Excellencies, Ladies and Gentlemen,
On behalf of the Permanent Representative of Maldives, Ambassador Sareer, and myself, I am honored to open this session of the Partnership Exchange that will be devoted to discussing the partnership framework for Small Island Developing States.
You may wonder why Italy and Maldives are chairing this event. The reason is simple: last February, the President of the General Assembly appointed us to be Co-chairs of the Steering Committee on SIDS Partnerships, established pursuant to Resolution 70/202 on the follow-up to the Samoa Pathway.
The Committee is part of the SIDS Partnership Framework that the Resolution has established to follow up on the partnerships announced in Samoa at the Third International Conference on SIDS, as well as to encourage new partnerships.
In addition to the establishment of the Committee, the SIDS Partnerships Framework also includes the organization of an annual Global Multi-stakeholder SIDS Partnership Dialogue, as an occasion for sharing good practices, lessons learned and challenges and solutions from SIDS Partnerships, and the development of a standardized partnership reporting template for the registration of SIDS partnerships.
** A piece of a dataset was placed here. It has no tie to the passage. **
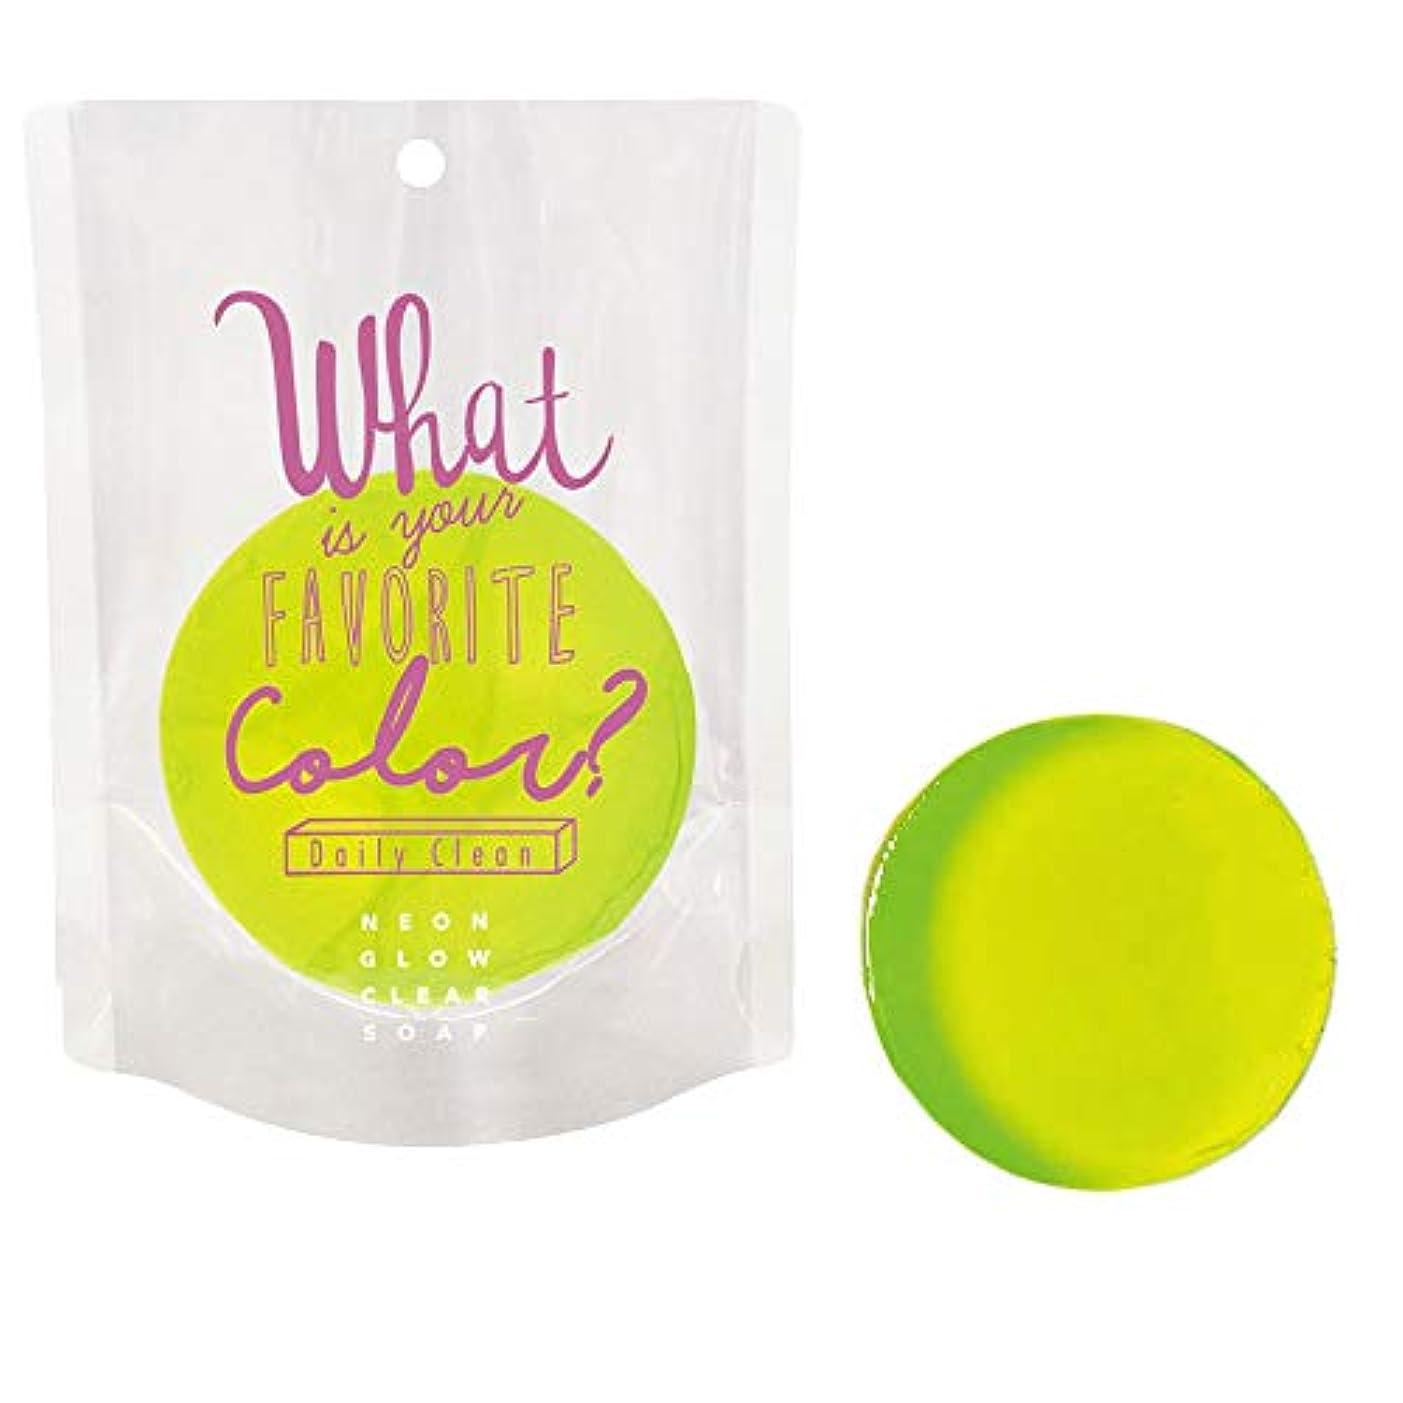 麦芽死んでいるシャトルネオングロークリアソープ ob-ngw-2-1-4(02/パパイヤ) Neon Glow Clear Soap 石鹸 ノルコーポレーション 固形 せっけん カラフル 香り 清潔 ギフト プレゼント
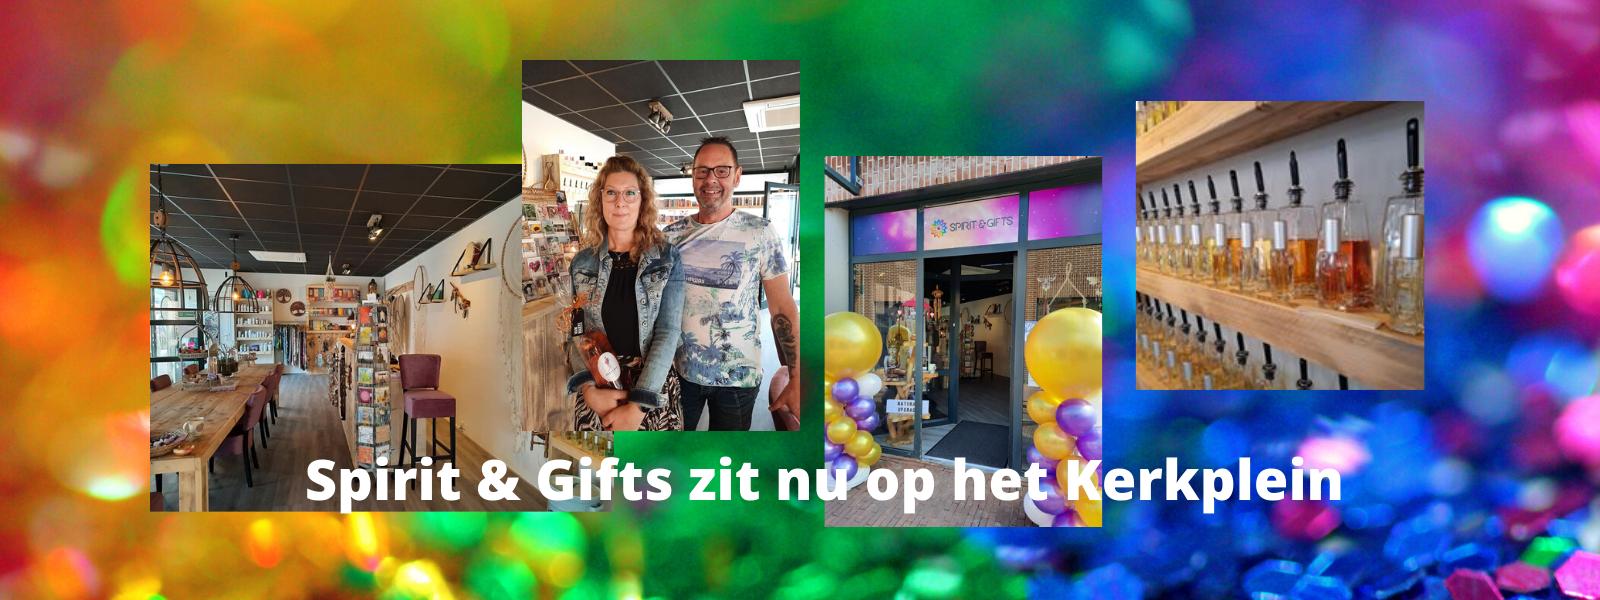 Spirit & Gifts op een nieuwe locatie

The Steering Committee was formed to monitor sustainable development commitments, showcase best practices, and identify new challenges to full implementation. It is truly a global partnership, open to all UN Member States and members of the specialized agencies.
Italy is proud to be the first SIDS partner to be appointed co-chair of this historic committee. We consider it a tribute to our long relationship with SIDS and to the importance we attach to the challenges and vulnerabilities of small island developing Countries. Being a country surrounded for more than 2/3 by the sea, we know many of those challenges very well. We know that the sea is a source of life, prosperity, culture and communication but that it can also be a cause of threat, isolation, poverty, and this is of course accentuated for small states.
We are also very proud to have created, starting with Pacific SIDS and then expanding to the others, a long-lasting model of partnership almost ten years ago – well before the Samoa Conference – that is still considered a virtuous example of cooperation, based on collective decision-making, mutual trust and ownership of recipient countries. Indeed an example of the genuine, durable partnerships that the Samoa Conference has been promoting since 2014.
It has been almost two years since the international community came together at the Samoa Conference, pledging its support for the sustainable development of SIDS, and announcing a range of partnerships dedicated to the sustainable development of SIDS. Many partnerships have had a positive impact on the communities they serve, proving that genuine, durable partnerships can and do work.
Our task today is to take stock of the progress made by these partnerships since 2014. We hope that today’s event will provide an opportunity to review the progress of existing partnerships, and to share best practices, lessons learned and the challenges of implementation. We thought that the best way to proceed would be to identify some examples and inquire as to the specific successes, setbacks and best practices. But we also hope to be hearing from other partnerships in the audience. This is what my distinguished colleague Ambassador Sareer will be doing shortly.
Before giving him the floor, allow me to mention a few general figures on SIDS partnerships, based on the SIDS Action Platform (of which you should see the link on the screen).
There are currently 300 partnerships registered on the SIDS Action Platform. The SIDS Action Platform allows us to view partnerships by SAMOA Pathway priority areas, and the SDGs. We can also view partnerships by country, and by partners. This allows us to compare and contrast and analyse where more partnerships are needed.
A total of 98 partnership updates in various forms have been provided to the UN Secretariat since 2014. Since the launch of the online partnership reporting template in mid-May 2016, 32 progress reports have been submitted (through the template) to date.
If we look at the areas where partnerships have been established, among the 19 designated as priorities by the Samoa Conference, we can see that the main sectors are climate change, disaster-risk reduction, sustainable energy, and Oceans and Seas. Only a limited number of partnerships has been established in the field of promoting sustainable transport, monitoring and accountability, fighting invasive species, and fostering sustainable consumption and production. We would therefore like to encourage partnerships in these sectors and would be very happy to be able to announce them at an event that we plan to organize next September.
Let’s move now to the exam of three concrete examples of partnerships. I am happy to give the floor to Ambassador Sareer and I take this opportunity to thank him for the effective and sincere cooperation we enjoy. A genuine and durable partnership indeed!